Commentaire de la décision du Conseil d'État "SEMERAP" n° 405628

La création des sociétés publiques locales en 2010 s’est toujours accompagnée d’un débat nourri par la jurisprudence concernant la possibilité pour une collectivité territoriale d’intégrer une telle entreprise publique, en présence d’une distorsion entre l’objet social de celle-ci et les compétences de la personne publique.

Aux termes de l’article L.1531-1 du code général des collectivités territoriales, « les collectivités territoriales et leurs groupements peuvent créer, dans le cadre des compétences qui leur sont attribuées par la loi, des sociétés publiques locales dont ils détiennent la totalité du capital ».

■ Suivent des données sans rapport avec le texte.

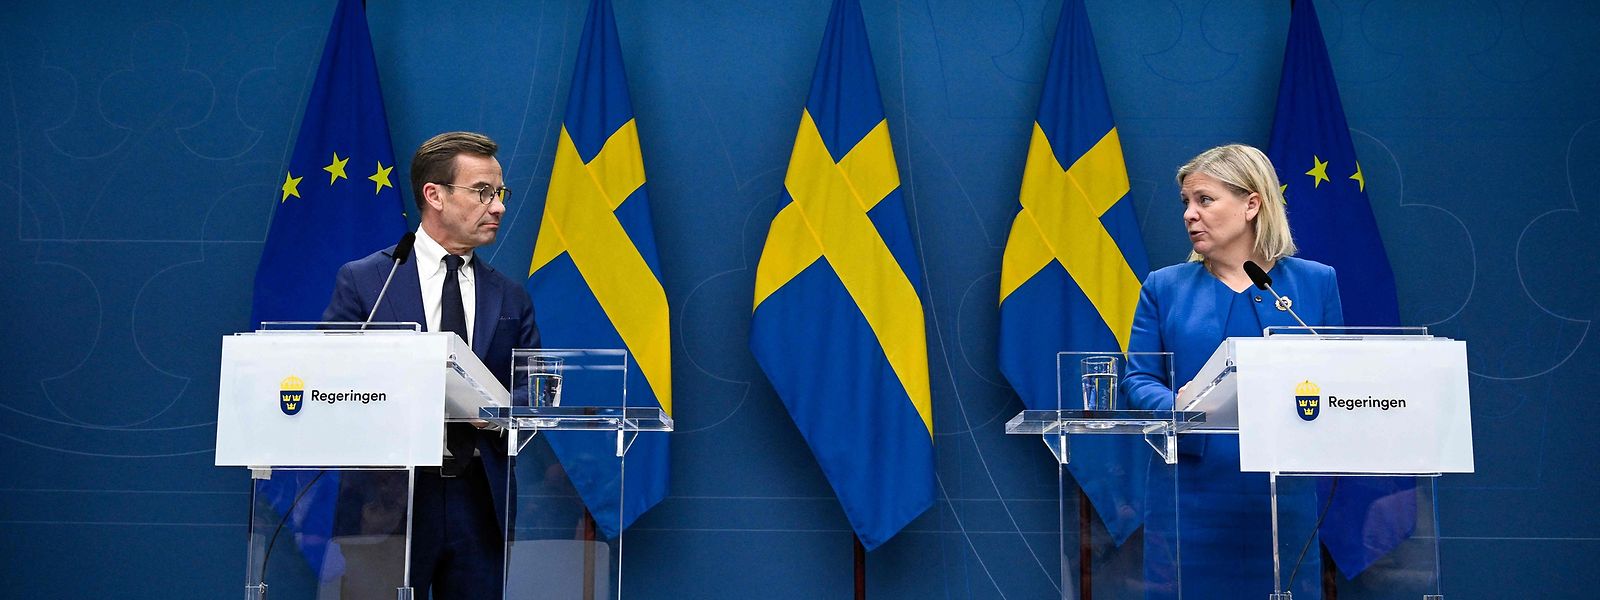 Die schwedische Ministerpräsidentin Magdalena Andersson verkündet die Entscheidung zur Bewerbung um die Nato-Mitgliedschaft gemeinsam mit dem Chef der bürgerlichen Oppositionspartei Moderaterna, Ulf Kristersson.

Une clarification bienvenue de la jurisprudence.

Par la décision ici commentée, le Conseil d’État estime que pour intégrer une société publique locale, une collectivité territoriale ou un groupement doit exercer l’ensemble des compétences se rattachant à l’objet social de la société.

Les juges du palais royal mettent ainsi un terme aux discordances jurisprudentielles existantes entre les tribunaux administratifs et les cours administratives d’appel.

En premier lieu, en annulant partiellement pour erreur de droit l’arrêt de la Cour administrative d’appel de Lyon dont il était saisi, le Conseil d’État censure directement l’approche adoptée par cette juridiction. Dans son arrêt de 2016, elle avait en effet estimé qu’une l’adhésion à une société publique locale était illicite dès lors que l’objet social de celle-ci excédait de manière prépondérante les compétences de la personne publique qui en était membre (CAA Lyon, 4 octobre 2016, SEMERAP, n° 14LY02728).

Cette interprétation avait d’ailleurs été reprise très récemment par le tribunal administratif de Toulouse à l’occasion d’un jugement du 30 janvier 2018 (TA Toulouse, 30 janvier 2018, Préfet de la Haute-Garonne, n° 1701505, 1701507).

En second lieu, le Conseil d’État évince implicitement l’approche souple opérée par certaines juridictions, dont le tribunal administratif de Montpellier qui a estimé dans jugement de 2017 que l’article L.1531-1 du code général des collectivités territoriales « n'imposent pas, (…) que les actionnaires d'une société publique locale doivent être compétents pour exercer l'ensemble des activités entrant dans le champ de l'objet social de la société publique locale » (TA Montpellier, 19 septembre 2017, M. F.L., n° 1506432).

À l’inverse, en troisième lieu, la Cour administrative d’appel de Nantes a interprété strictement dès 2014 les dispositions précitées (CAA Nantes, 19 septembre 2014, syndicat intercommunal de la Baie, n° 13NT01683), approche que le Conseil d’État reprend dans la présente décision.

Un début de réponse aux problématiques inhérentes aux entreprises publiques locales.

Cette décision claire permet ainsi de mettre fin à une incertitude patente, et apporter une réponse juridique. En effet, ce cumul, jurisprudences contradictoire a conduit certains députés à solliciter, en l’absence de décision claire du Conseil d’État, une réponse ministérielle (Question écrite n° 05003 publiée dans le JO Sénat du 17/05/2018 - page 2316).

Cette approche apparait en phase avec la philosophie des sociétés publiques locales. Elles ont été notamment crées pour permettre d’assurer l’exécution d’une mission de service public tout en dérogeant aux règles de la commande publique, ce que ne permettait pas une société d’économie mixte à l’origine eu égard à la présence de capital privé.


Ce faisant, il apparait nécessaire d’éviter l’existence d’un lien trop distendu entre la société publique locale et la personne publique qui en est membre, sous peine de remettre en cause les critères de la quasi-régie.

Par ailleurs, cette approche fait preuve de cohérence. En effet, la participation à une société publique locale implique, ainsi que le relève le Conseil d’État, le droit « à participer au vote des décisions prises ». Ce faisant, il apparait curieux, d’admettre une participation pour la personne publique dans la direction de la société dans des domaines pour lesquels cette dernière ne dispose pas de compétence.

Au final, la Conseil d’État apporte une solution attendue. La prochaine étape importante concernant les entreprises publiques locales concerne la possibilité pour les sociétés d’économie mixte de bénéficier de l’exception de quasi régie, question ravivée par les ordonnances de 2015 et de 2016 relatives aux marchés publics et aux contrats de concessions, qui n’exclut plus la mise en œuvre d’un tel mécanisme lorsque la présence de capital privé est « requise par la loi ». Pour cela, il faudra attendre que le Conseil d’État statue sur le recours de l’UNSPIC déposé en 2016.